Malia Obama’s Nike Ad Faces Plagiarism Claims from Indie Director
  • PublishedMay 17, 2025

So here’s a low-key wild one—Malia Obama’s latest Nike spot is under fire for looking just a tad too much like an indie short film. Indie filmmaker Casey Johnson is sounding the alarm after spotting “shockingly similar” visuals, pacing, and voiceover in Nike’s new campaign. According to Johnson (Variety, April 2024), her 2022 short “Everyday Champions” features slow-motion montages of neighborhood athletes, close-up reaction shots, and an uplifting narration about small-town grit. Nike’s 2024 ad mirrors almost every beat: the same handheld camera angles, identical beat drops, and an inspiring voiceover that reads as if lifted verbatim.

Johnson says she sent a cease-and-desist letter to Nike’s legal team and to Malia’s production outfit, Obama Media Co., on April 10. She claims her work was registered with the U.S. Copyright Office in late 2022 (U.S. Copyright Office records) and that multiple shots line up frame for frame with the major-brand commercial. “I poured my heart into showcasing athletes who rarely get the spotlight,” Johnson told The Hollywood Reporter. “Watching it replayed on prime-time felt less like flattery and more like a duplicate.”

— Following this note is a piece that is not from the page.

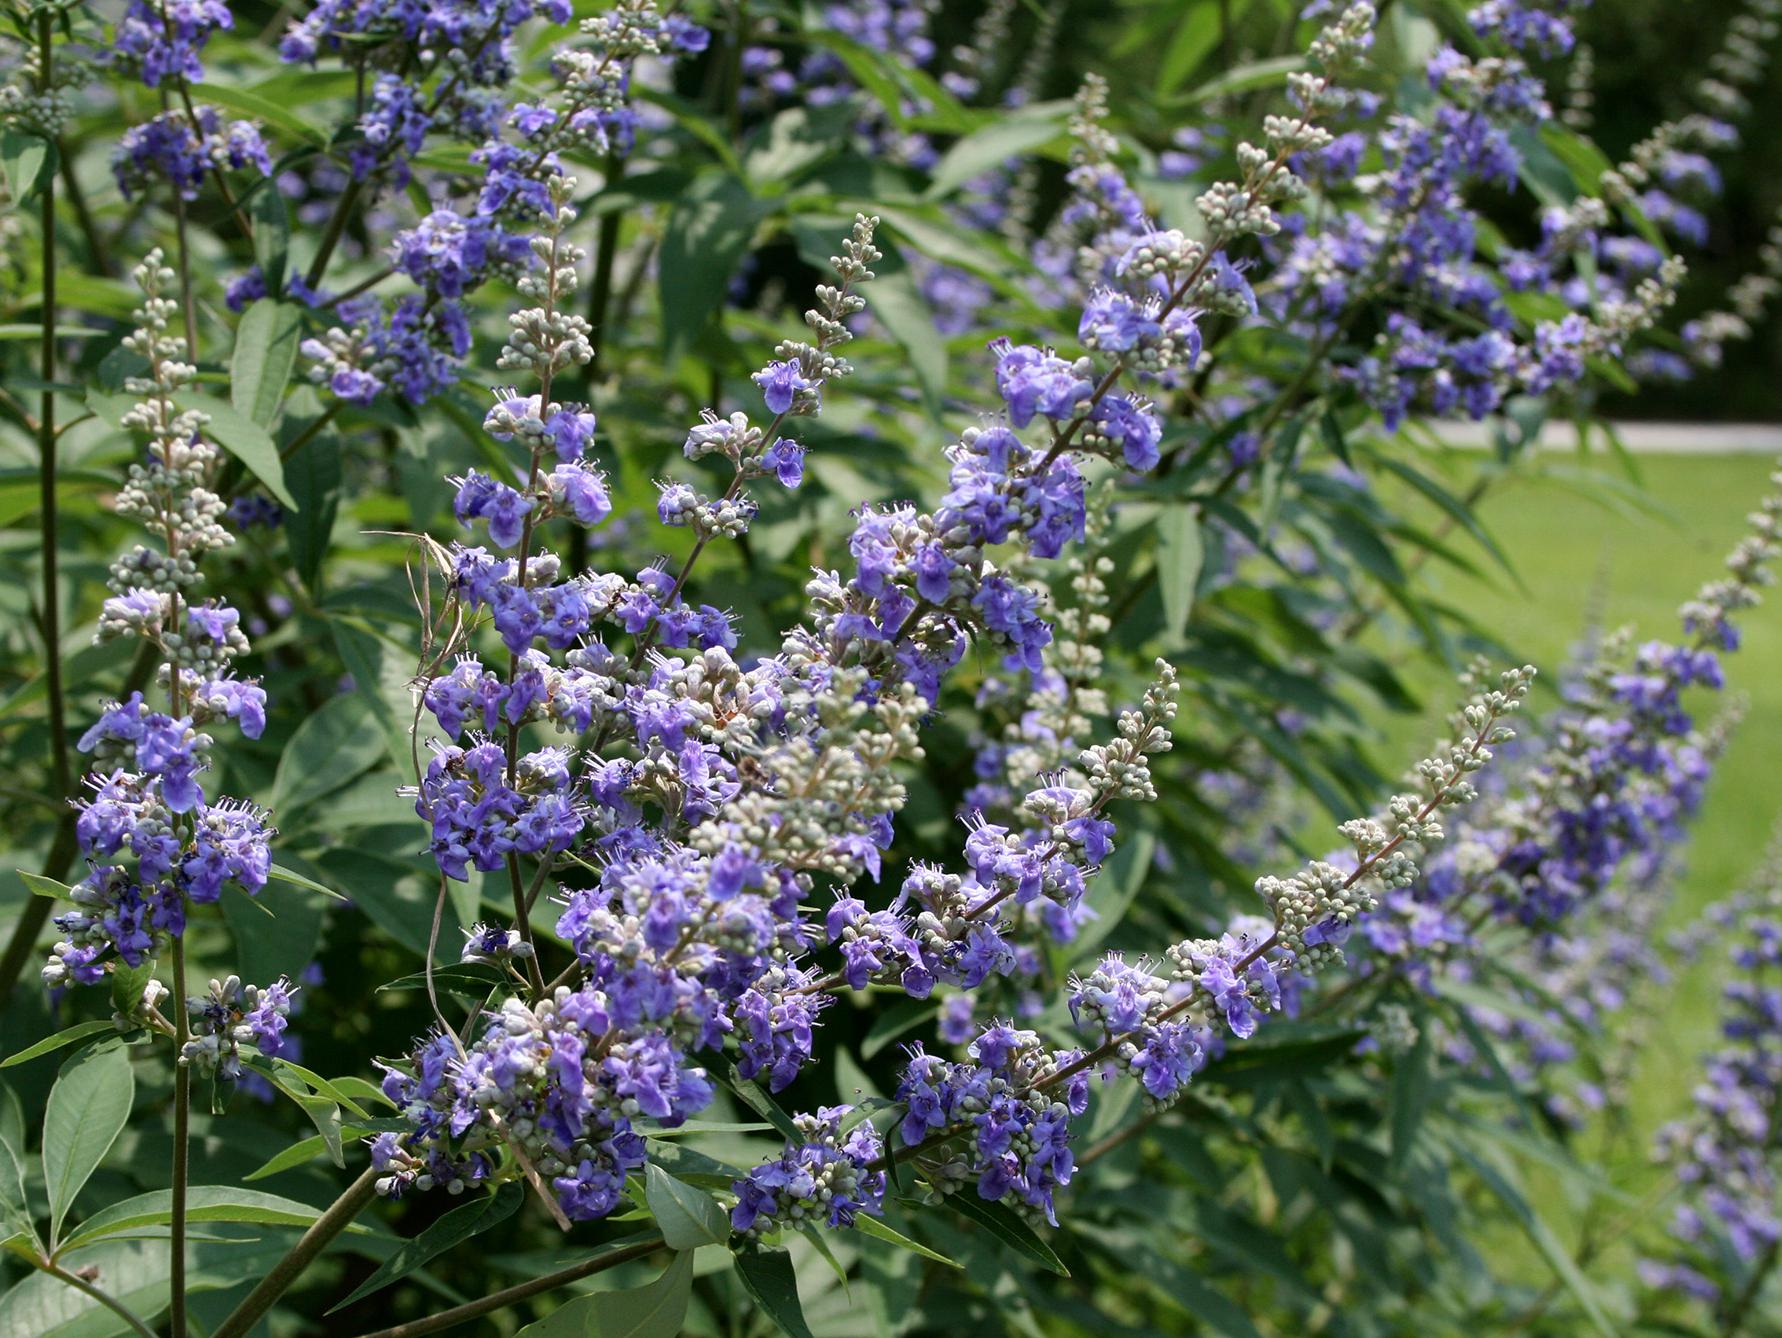 Spikes covered with small purple flowers extend from a green bush.

Nike, for its part, insists there was no single source of inspiration. A spokesperson told the New York Post that “Nike’s creative process involves many voices and an in-house team working from scratch. We respect original creators and review such claims seriously.” Meanwhile, a rep for Obama Media Co. noted that Malia Obama was one of several producers on the project and that the ad drew on broad athletic archives and public-domain footage.

Legal experts say these cases hinge on striking similarities in composition, music cues, and narration cadence (Entertainment Law Review, May 2024). If Johnson can prove access and near-identical elements, she has a solid infringement claim. But if Nike shows their footage was shot independently or that the common tropes are generic, the case could stall.

Public reaction has been split on social feeds. Some cheer Johnson’s fight for indie creatives. Others shrug, calling it “copycat culture” at its finest. Either way, the kerfuffle threatens to overshadow Nike’s push for inclusivity in sports—and to spark tougher questions about how big brands source their “authentic” stories.

So yeah, that’s the gist. Let’s see if Johnson scores a legal slam dunk or if Nike dodges this one like a pro. Don’t say you weren’t warned.